RAW DATA:
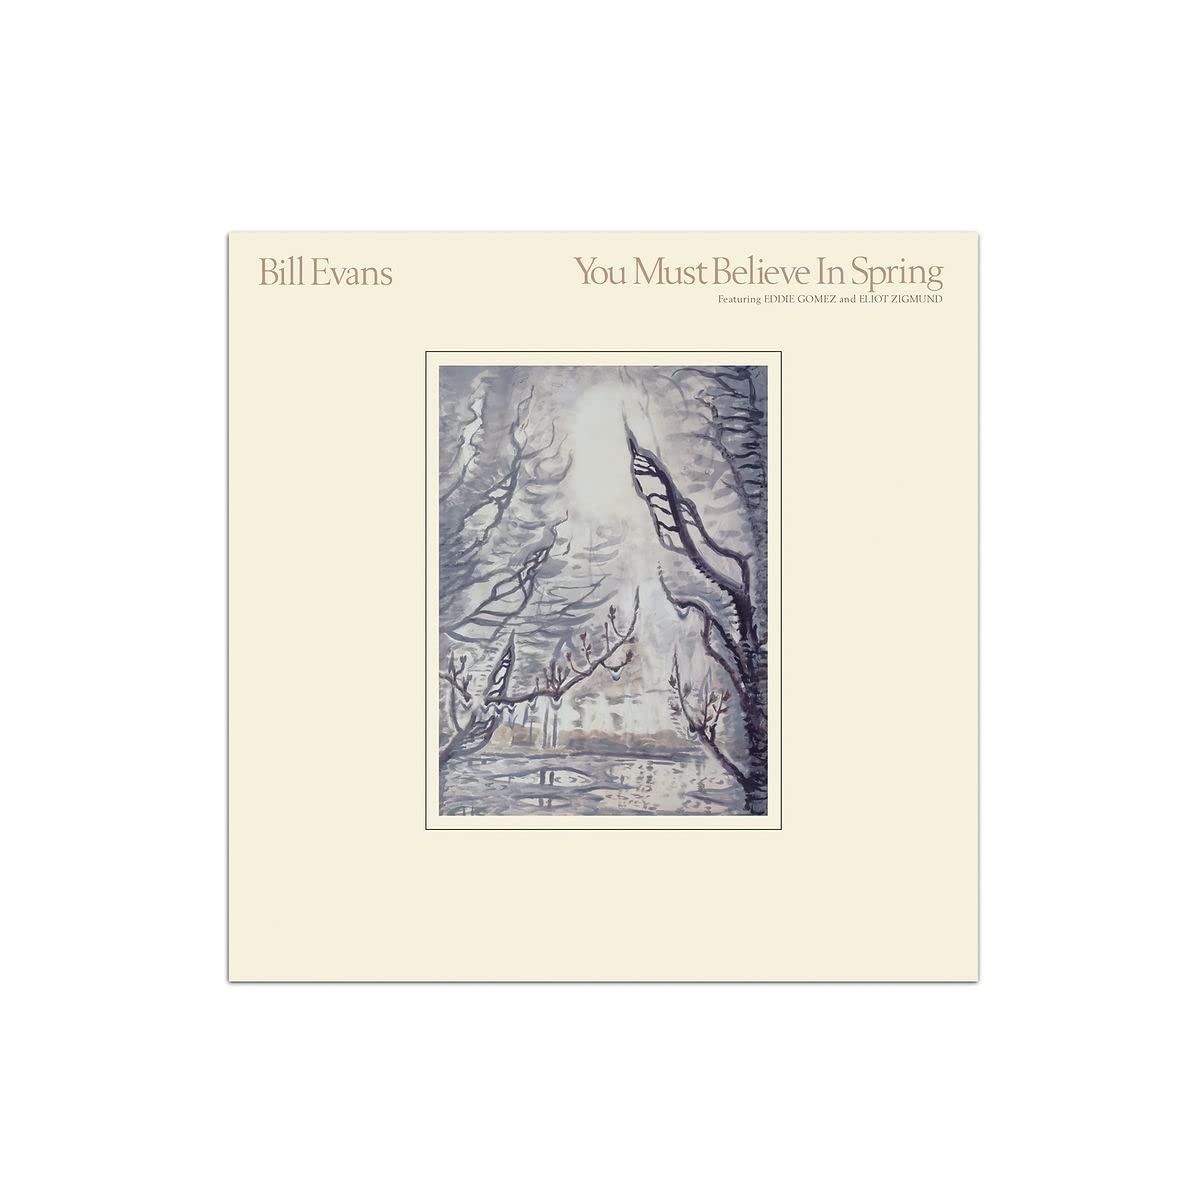 Bill Evans - You Must Believe In Spring - Audiophile 180g 2LP 45 RPM (Mastered by Kevin Gray)
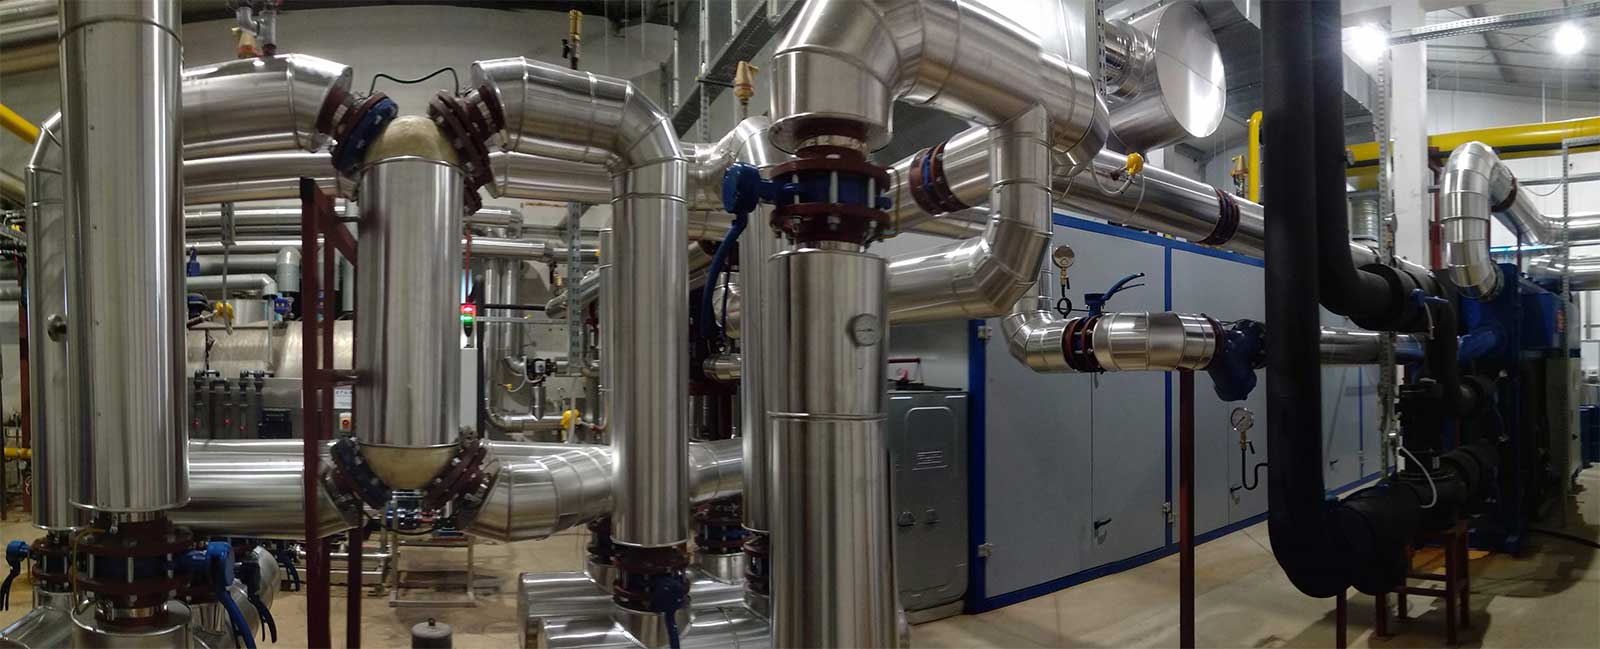 The CHP plant operates in polygeneration mode, supplying the facilities of Hajduk Group Sp. z o.o. with power, heat, cold, and steam. © Centrum Elektroniki Stosowanej CES Sp. z o.o.
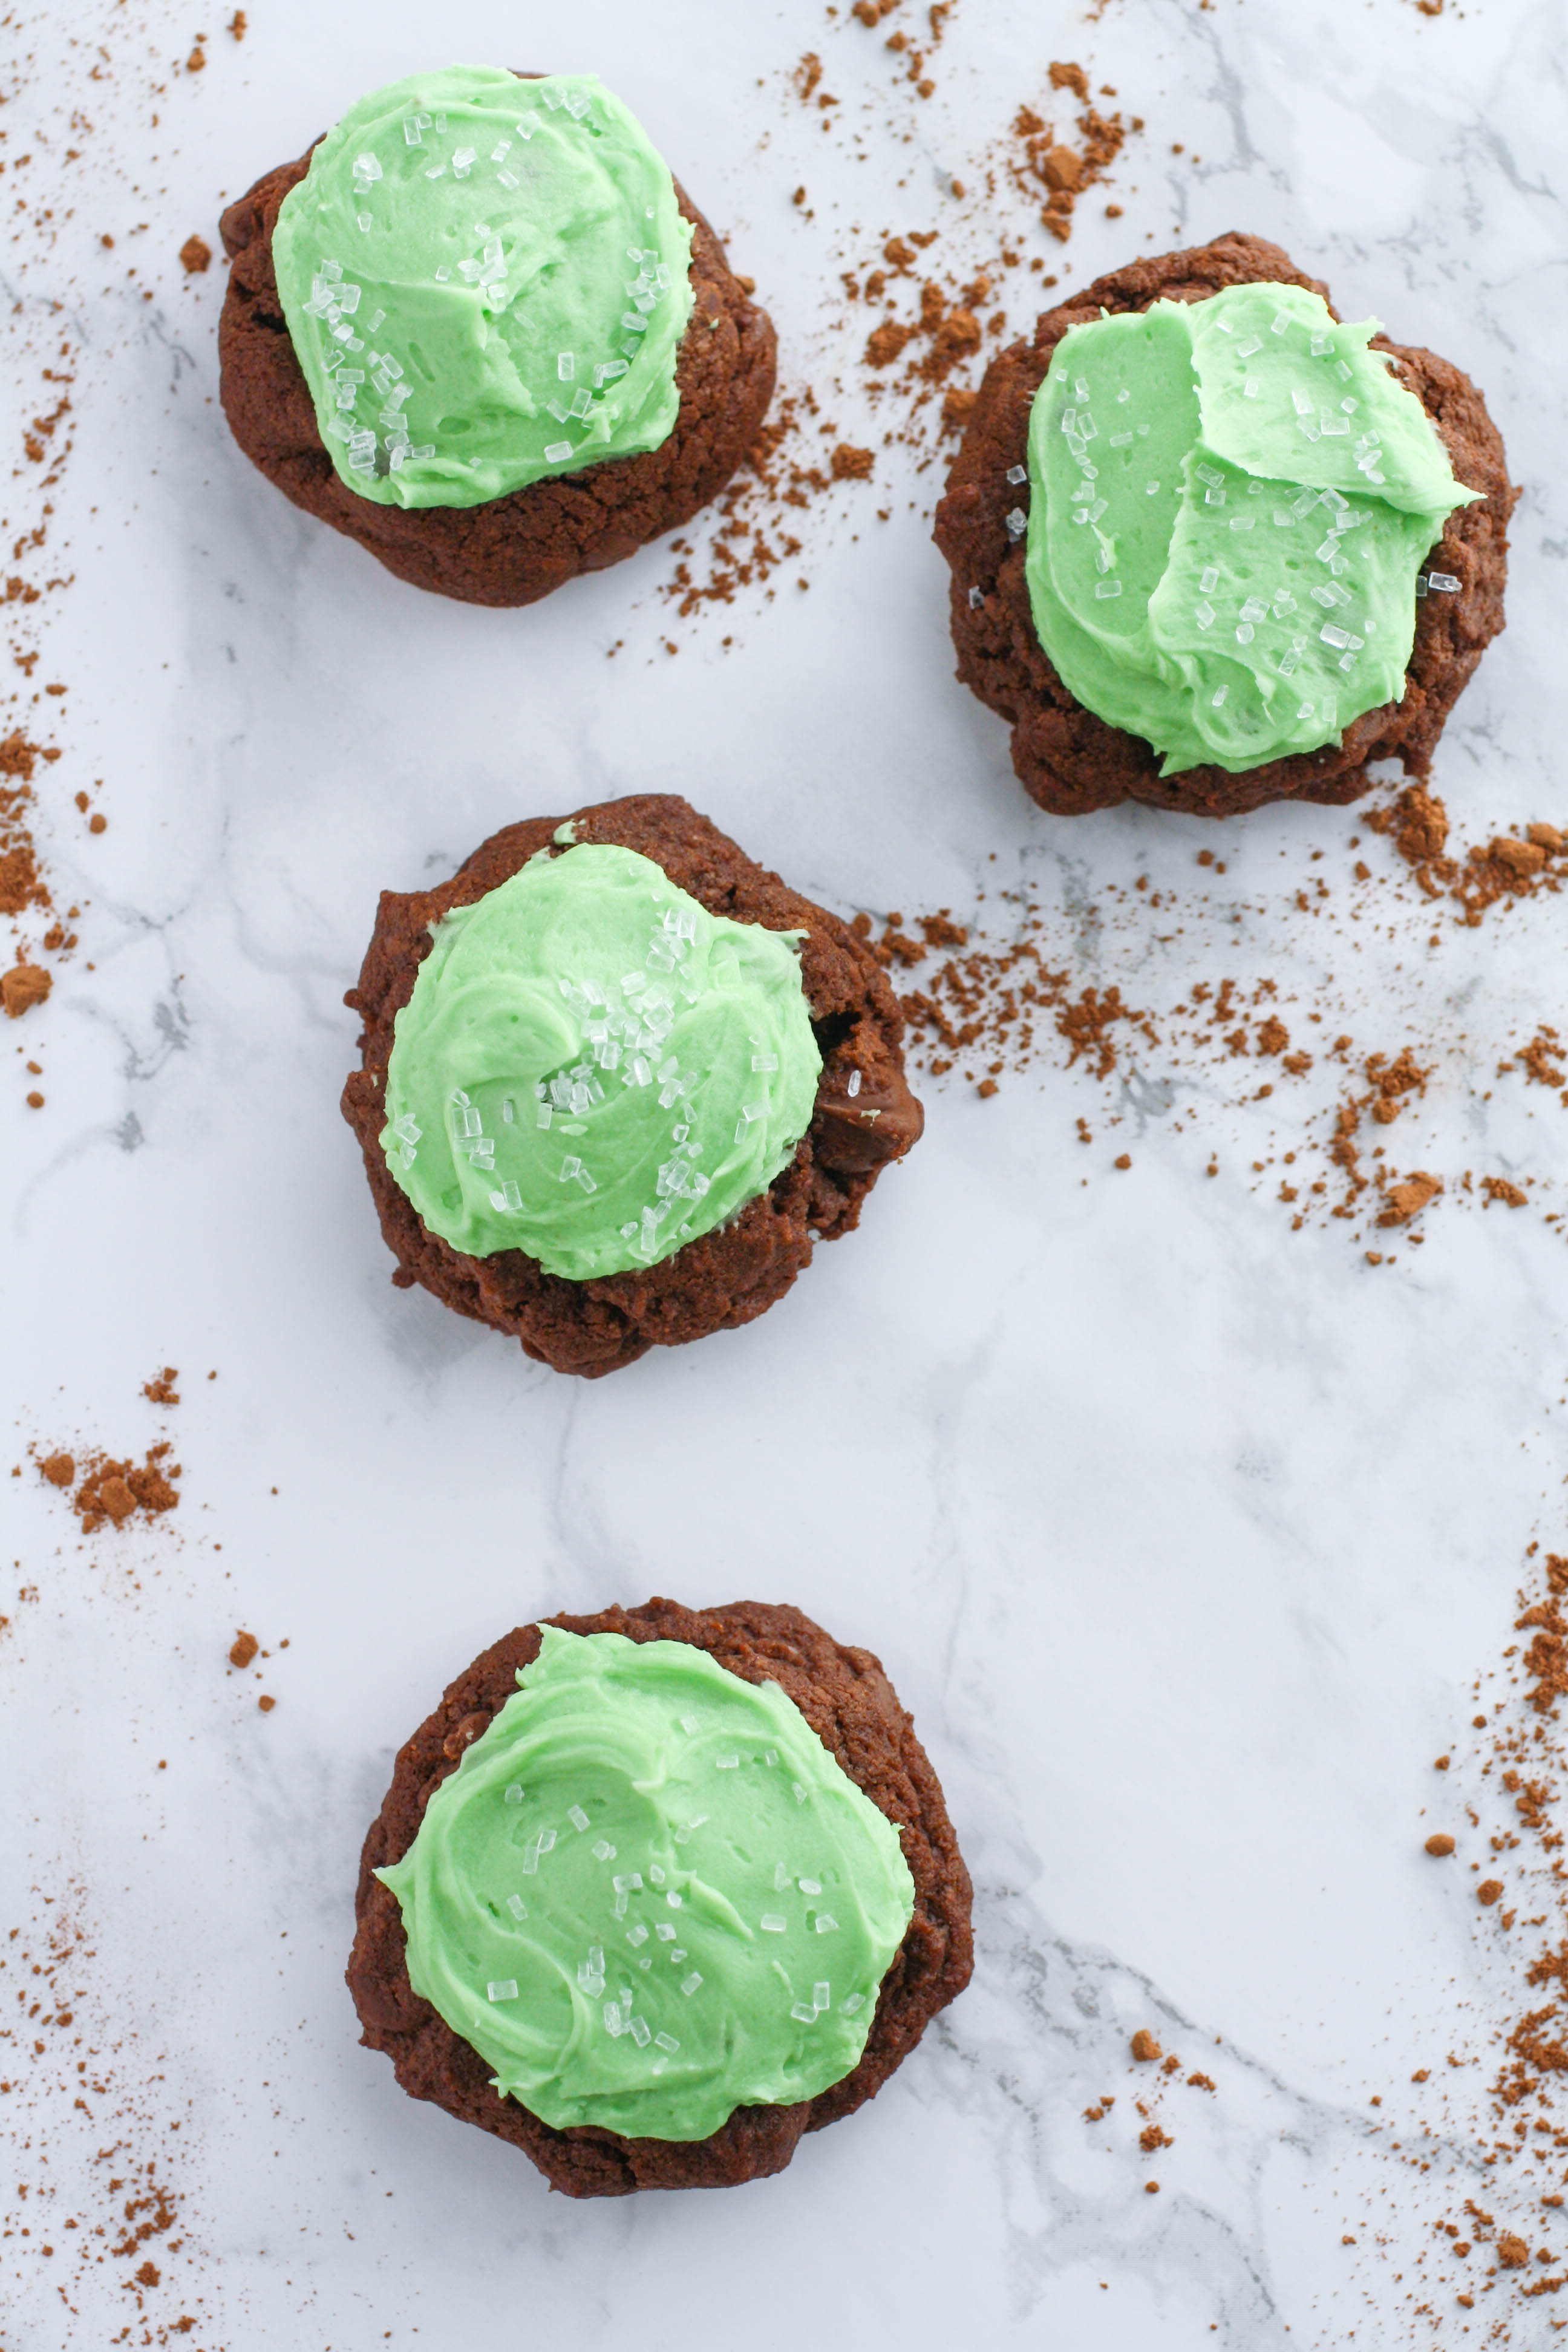 Double Chocolate Cookies with Baileys Buttercream Frosting are delicious treats! Why not enjoy Double Chocolate Cookies with Baileys Buttercream Frosting for St. Patrick's Day?

ACTIVITY:
Could you reproduce all of the material exactly? Keep the pictures out of it.

ANSWER BELOW:
 Bill Evans - You Must Believe In Spring - Audiophile 180g 2LP 45 RPM (Mastered by Kevin Gray)
 The CHP plant operates in polygeneration mode, supplying the facilities of Hajduk Group Sp. z o.o. with power, heat, cold, and steam. © Centrum Elektroniki Stosowanej CES Sp. z o.o.
 Double Chocolate Cookies with Baileys Buttercream Frosting are delicious treats! Why not enjoy Double Chocolate Cookies with Baileys Buttercream Frosting for St. Patrick's Day?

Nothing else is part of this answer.